No other editor stands next to vim. A lot of people dislike editors. It's fine. There are a million tools out there that help people become more productive programmers. You might enjoy IntelliJ or you might not. You might like cscope or hate it. Tt doesn't matter. One needs to find the tools that helps him in their day to day job. But if you need an editor, vim is no doubt the single best out there.
https://vimeo.com/53144573 - Precision editing at the speed of thought
All editors should place an emphasis on minimal typing.
Emacs has a few cool precision features too:
http://emacsrocks.com/e10.html - AceJump
Thank you for the links. I do use the AceJump equivalent for vim, and I have it mapped to <space>. It's quite nice, actually :). The only difference is that instead of pressing <space> and getting all the jumps available for each word out there, I press <space> followed by two letters, and it jumps directy to the word which starts with those two letters, or it simply shows me links to words that start with said letters if there's more than a word starting with those letters.
And no other operating system stands next to emacs.
But... there's an abundance of internet quotes like "No other editor stands next to vim" (see parent comment), so I wanted to make sure the reader didn't think I was proselytizing.

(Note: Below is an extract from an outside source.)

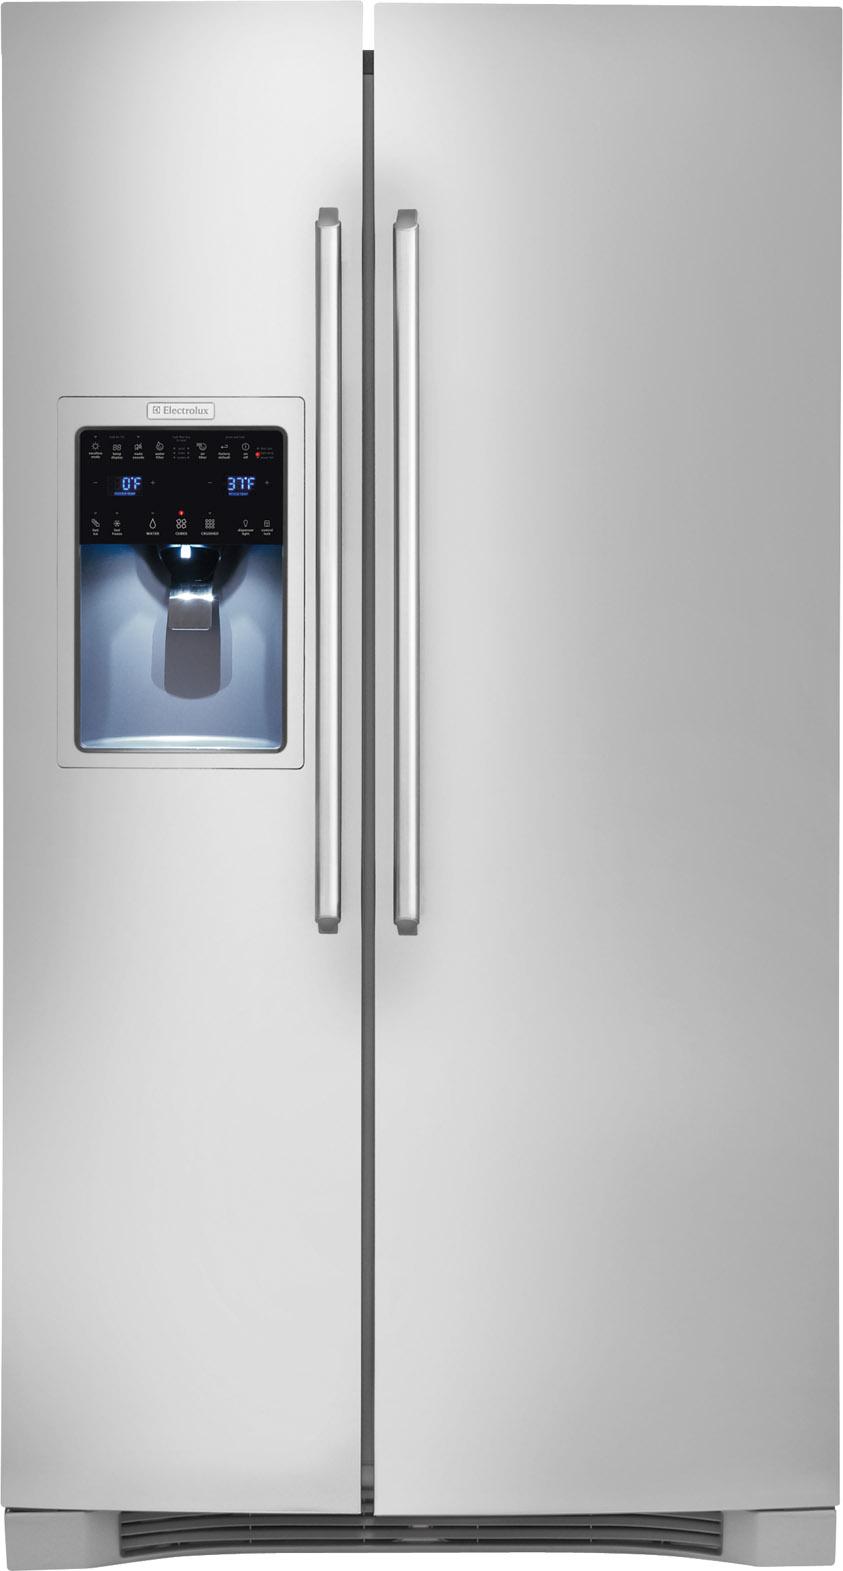 Electrolux Refrigerator Model EI26SS30JS1 Parts
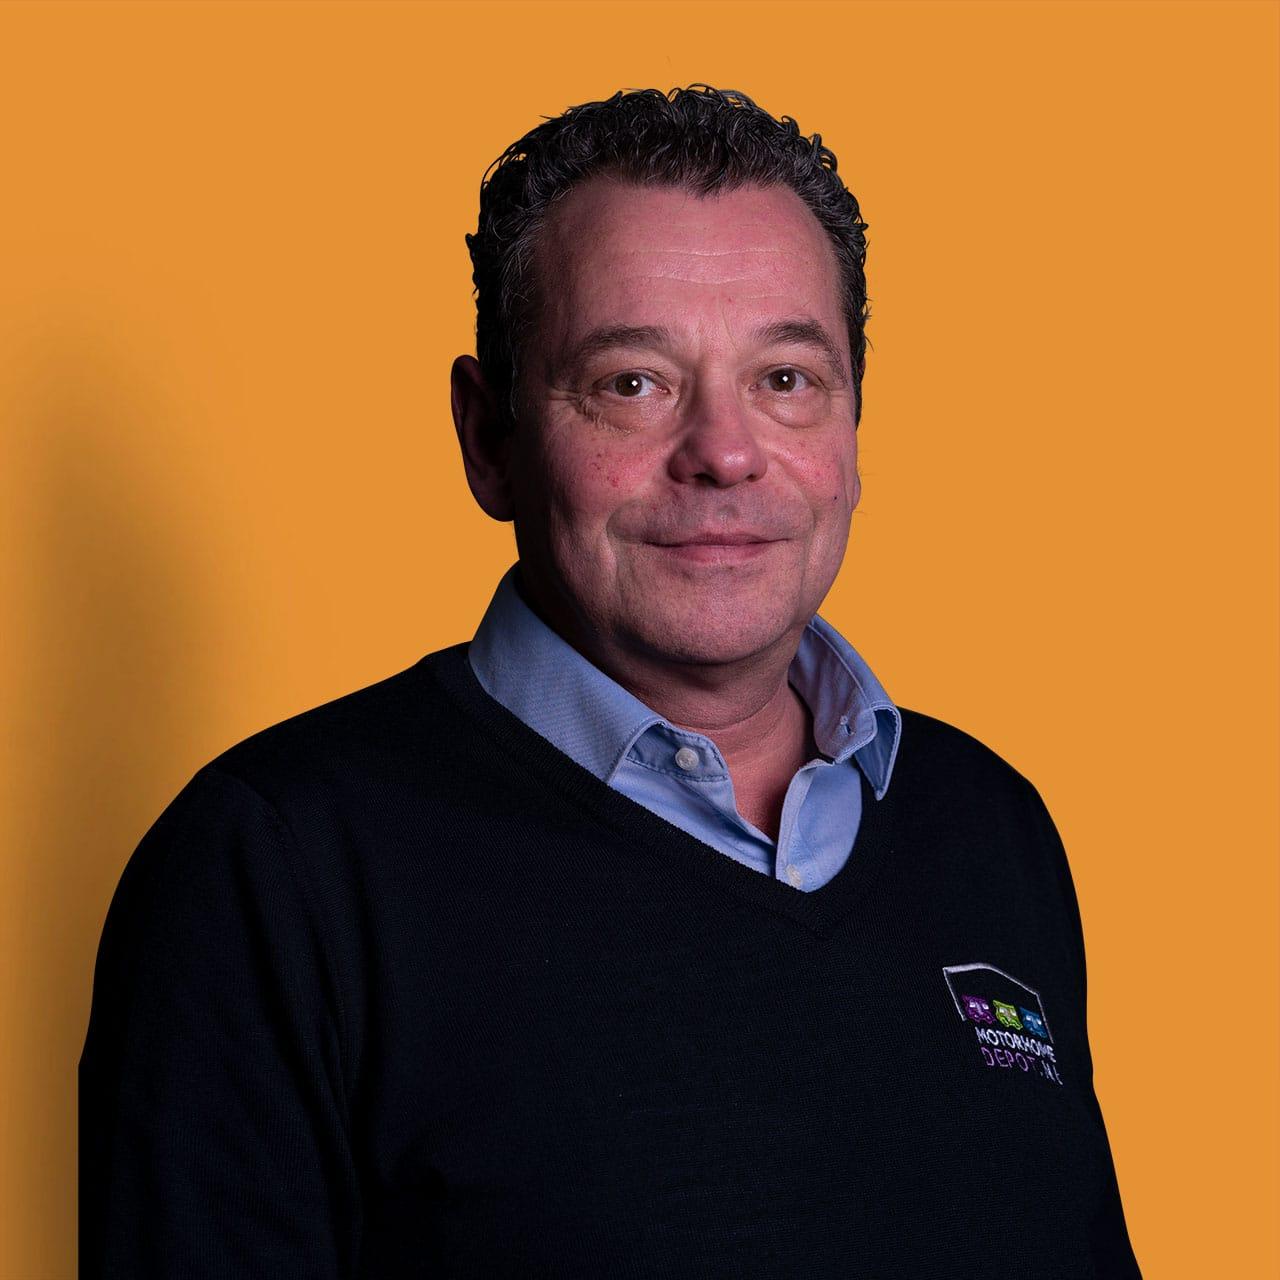 Jaap Molenberg

The other thing is efficient navigation within one file isn't super useful to me. I spend most my time doing find-in-files or jump-to-definition or rename-across-this-project. Vim kind of sucks for all those use cases. There are plugins of course, but that just brings it up to par with popular IDE's, except with a clunkier interface.
I say this as a person that knows vim well. If I'm SSH'd into a server and I need to edit a config file, vim is the first thing I'll reach for, but for coding, I'm pretty much only using it if I'm using a language that doesn't have a nice IDE already.
The point is well taken, but don't forget that for most people that downside of increased cognitive pressure goes away after a few days or weeks of regular vim usage. I've been using it for about a year and all the combos I normally use are second nature to me (and have been for months). Don't underestimate the human brain's ability to grow and adapt and for incredibly complicated things to quickly turn into routine.
For the record, I almost never use vim's much touted hit a number key then an action to do it n times feature. I have modified it so j and k do the normal down/up one line and J K go down/up seven lines or so for scrolling. [1] If I'm doing something like deleting a line and have to delete a bunch (common case), then I'll "dd" to delete line and then hit "." (which repeats the last action) three or four times until satisfied. Way easier than counting the number of lines to delete then typing "4dd" imo.
[1] Note for anyone who wants to duplicate this: it was still unbearably slow to just hold down J or K to scroll because the default delay between depressing a key and when OSX decides you are actually holding it down and not just pressing it once is too long. Decrease it in the native settings of your OS for a smoother experience.
If someone wants to use vim I'm not saying they shouldn't, I just think it's vastly overhyped.
If I had to delete four lines, I'd most likely mash dd until done, or maybe Vjjjd. It would be completely automatic and not require reaching for numbers or the arrow keys, making it significantly faster and more comfortable as well.
I find that vim is extremely good for reading code, since navigating around a file is very easy (and I am in no danger of accidentally editing code while not in insert mode.).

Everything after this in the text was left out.